Some Saline County homeowners claim that their internet causes their screens to appear to be frozen.

“The internet is really spotty, there are times when internet is really good and really solid and there are times when I am assuming a lot of people are online and there just isn’t enough bandwidth to support it,” Larry Siener said.

Living in rural Saline County, according to Larry Siener, makes it difficult to obtain high-speed bandwidth.

“The only option I have from AT&T is 10 megabytes down, one megabyte up,” Siener said.

On the east side of the county, Daniel Swihart resides and claims to experience the same problem.

“I say I average probably about 12 and I mean it works but in this day in age you are at maybe one streaming device before you start seeing delays,” and “everything depends on quality high-speed internet,” Swihart said.

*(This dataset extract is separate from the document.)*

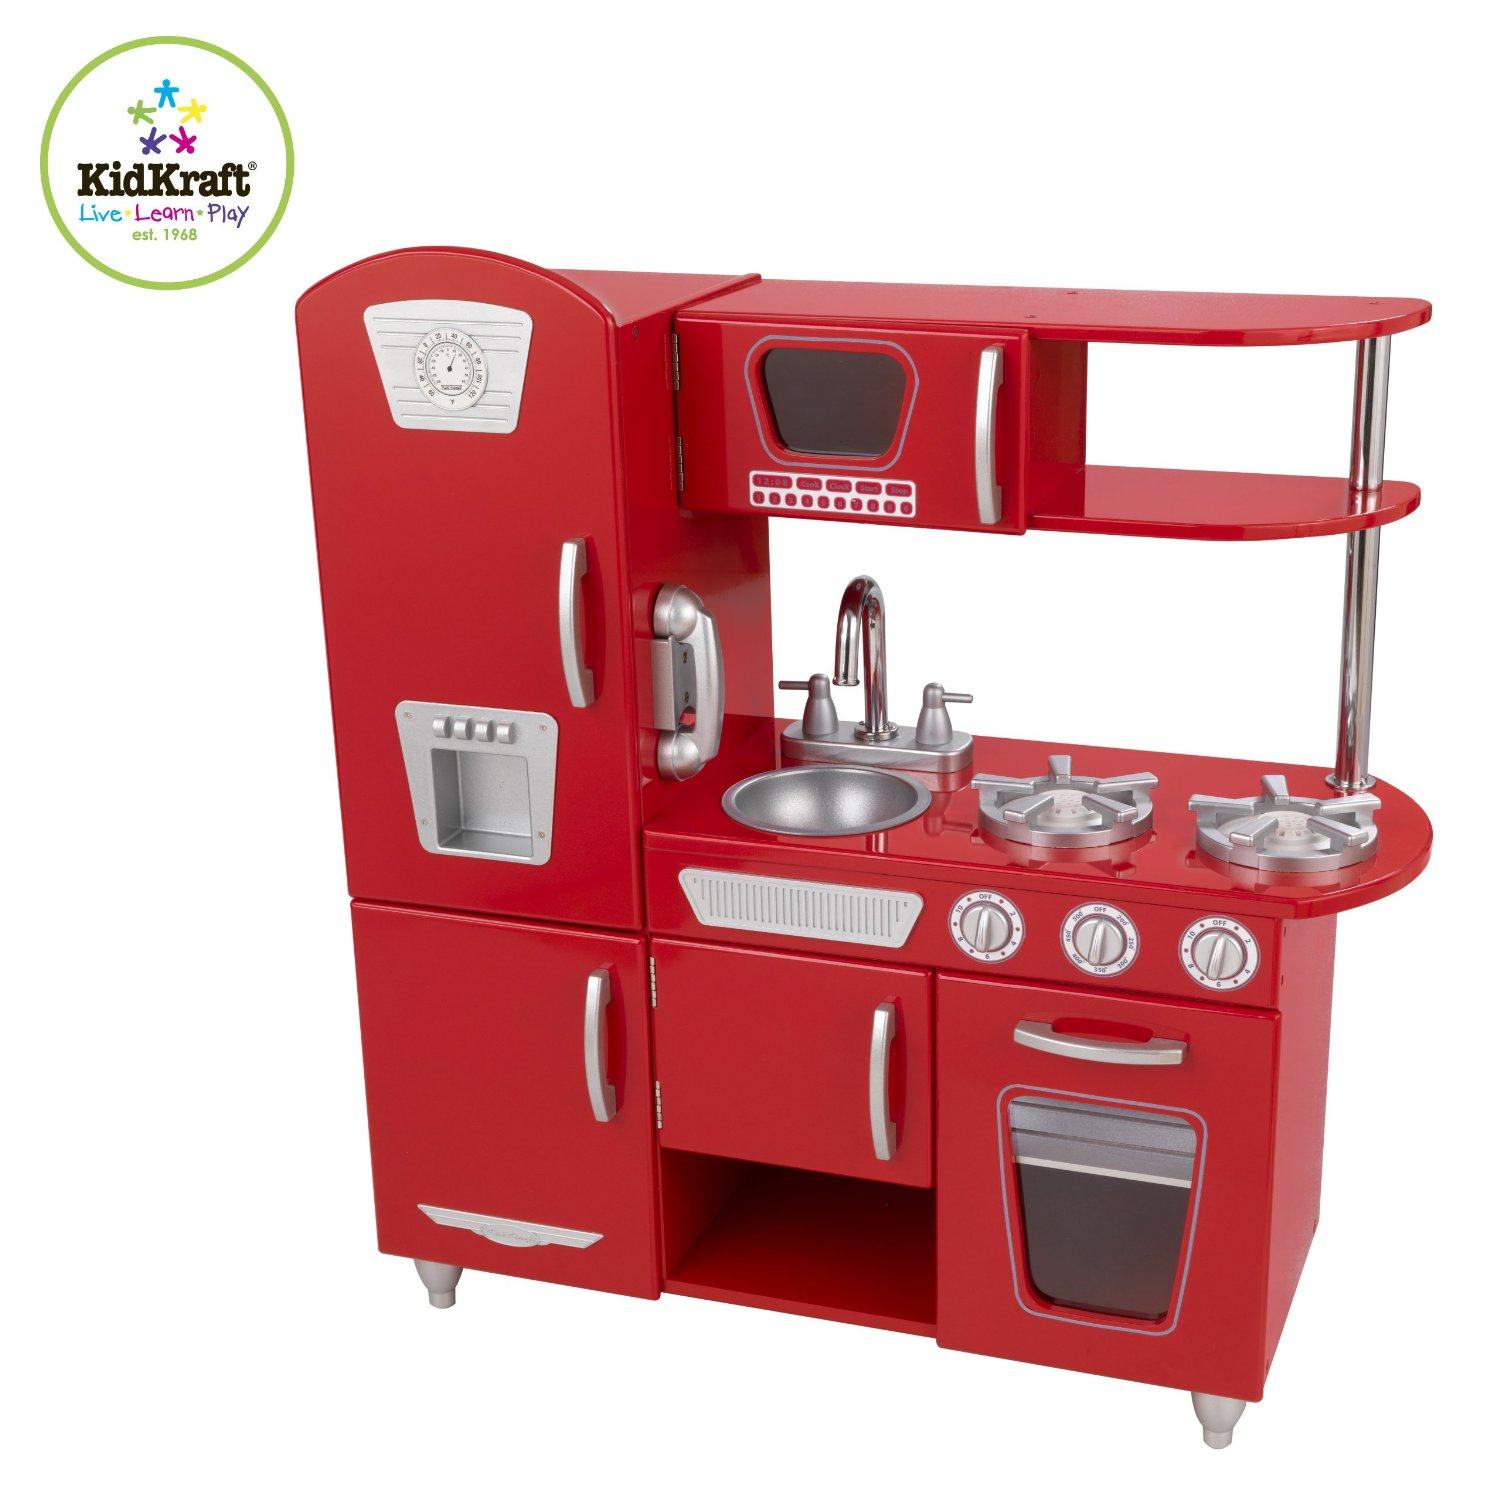 Get the Red or Pink Retro Kitchen For Only $78.99 Shipped!

The BEAD (Broadband, Equity, Access, and Deployment) program receives over $1 billion in federal funding, and the Saline County broadband group was established to try and push for some of that money.

“It’s brought together business leaders, it’s brought together the schools, it’s brought together common citizens to look at this and say where do we need to focus on to compete well for the stand funds that are coming down,” Saline County Justice of the Peace Keith Keck said.

According to Keith Keck, the internet’s current state standard for download and upload speeds is 100/20.

They are attempting to ensure that money goes to them by looking at the county’s maps and identifying the “gray area” where people do not have access to the internet.

“It’s fantastic news if we actually get it, I mean at my current internet download speed if you doubled my download and upload speed, I would probably be doing handsprings down the middle of the street,” Siener stated.

“I think it’s great, I mean I want it to go through because everyone needs it, my mother lives 150 feet away from me and she has no internet,” Swihart said.

States currently have till the end of the year to submit financing requests before businesses receive subsidies to begin constructing that infrastructure.

As a result, the committee in Saline County is trying to identify the locations that need the money the most so that it can be distributed there.